I read the guiding solution to twoSum in leetcodes ;
Given an array of integers, return indices of the two numbers such that they add up to a specific target.
You may assume that each input would have exactly one solution, and you may not use the same element twice.
Example:
Given nums = [2, 7, 11, 15], target = 9, Because nums[0] + nums[1] = 2 + 7 = 9, return [0, 1].Approach 3: One-pass Hash Table
It turns out we can do it in one-pass. While we iterate and inserting elements into the table, we also look back to check if current element's complement already exists in the table. If it exists, we have found a solution and return immediately.
and mimic a python solution
class Solution:
def twoSum(self, nums, target) -> List[int]:
"""
:type nums: List[int]
:type target: int
"""
nums_d = {}
for i in range(len(nums)):
complement = target - nums[i]
if nums_d.get(complement) != None: #Check None not True Value
return [i, nums_d.get(complement)]
nums_d[nums[i]] = i #produce a map
return []
Unfortunately, my solution is only faster than 81%, which I thought was a best solution.
Runtime: 40 ms, faster than 81.00% of Python3 online submissions for Two Sum.

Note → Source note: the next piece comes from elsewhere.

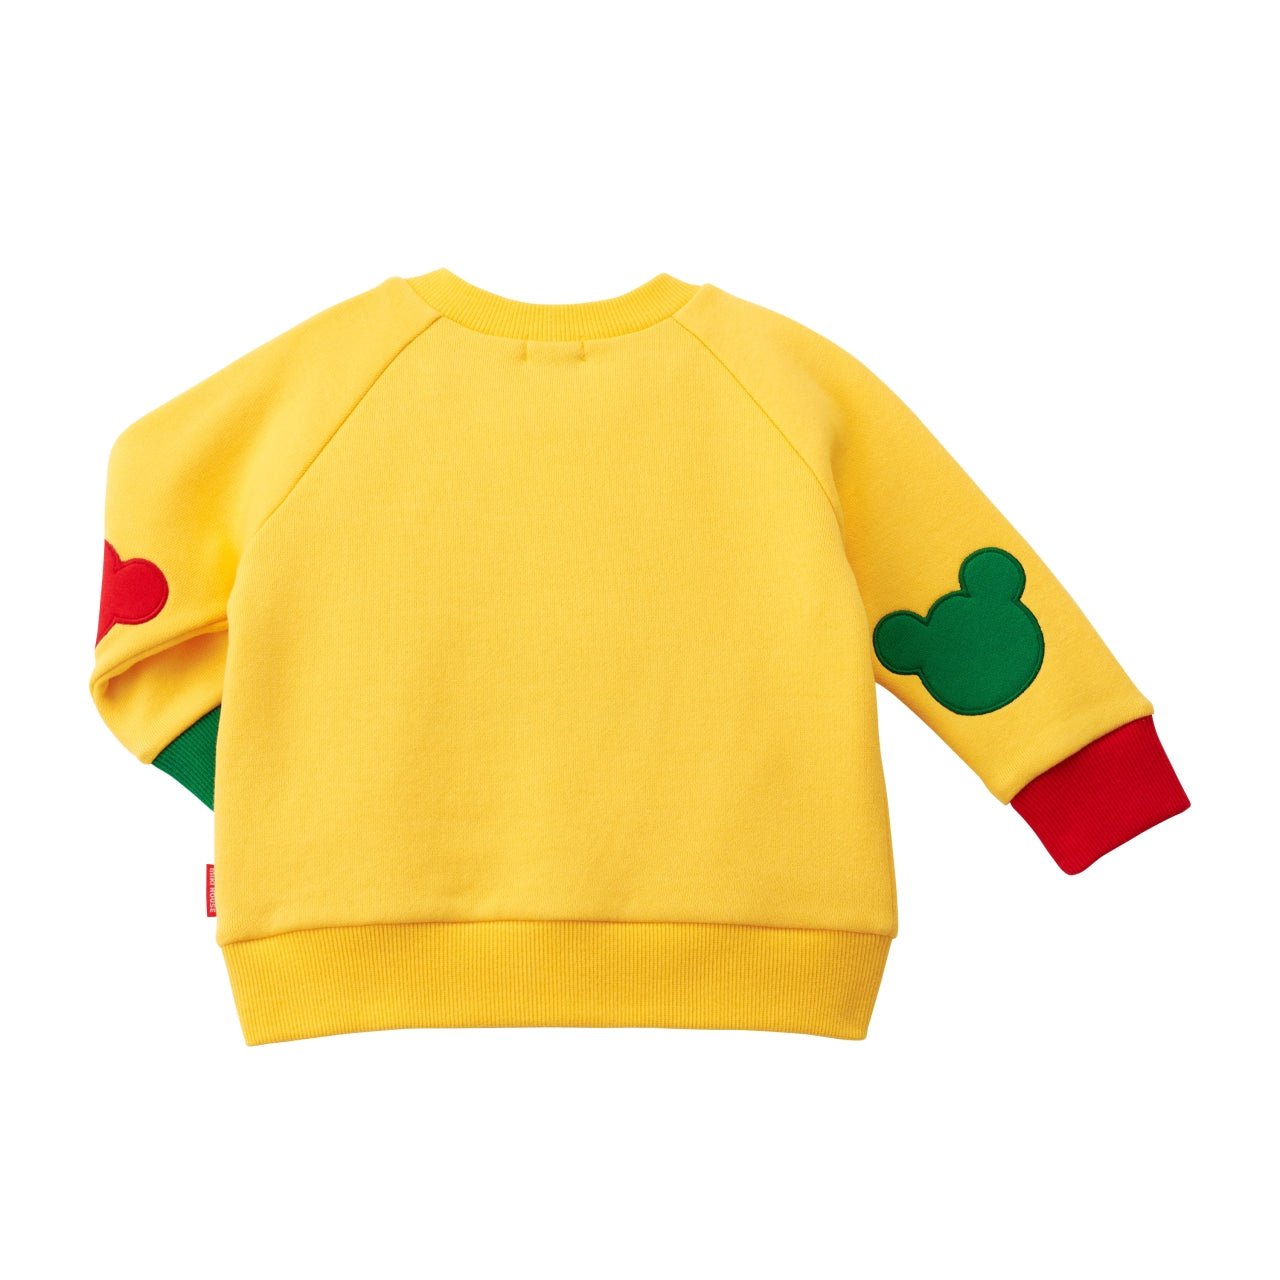 Pucci-licious Sweatshirt - 10-5610-579-04-80

Memory Usage: 14.3 MB, less than 5.08% of Python3 online submissions for Two Sum. Next challenges:
How could continue to improve the code, and I am curious about the approaches of the top 20%.
4 Answers 4
- Don't leave white space at the end of lines.
- Use
enumerate. - When comparing with
Noneuseisandis not. - It'd be cleaner to just use
inrather thanget. - If you want to use
nums_d.getthen you should use it outside theifso you don't have to use it a second time when you enter theif.
This however makes the code messy for not much of a benefit IMO. - Unless the site forces you to return lists returning a tuple would be more Pythonic.
- Your comments aren't helpful, if anything they make the code harder to read for me.
- The variable name
numsis easier to read thennums_d, the_dis useless. When returning it would be better to either:
- Raise an exception, as the lookup failed.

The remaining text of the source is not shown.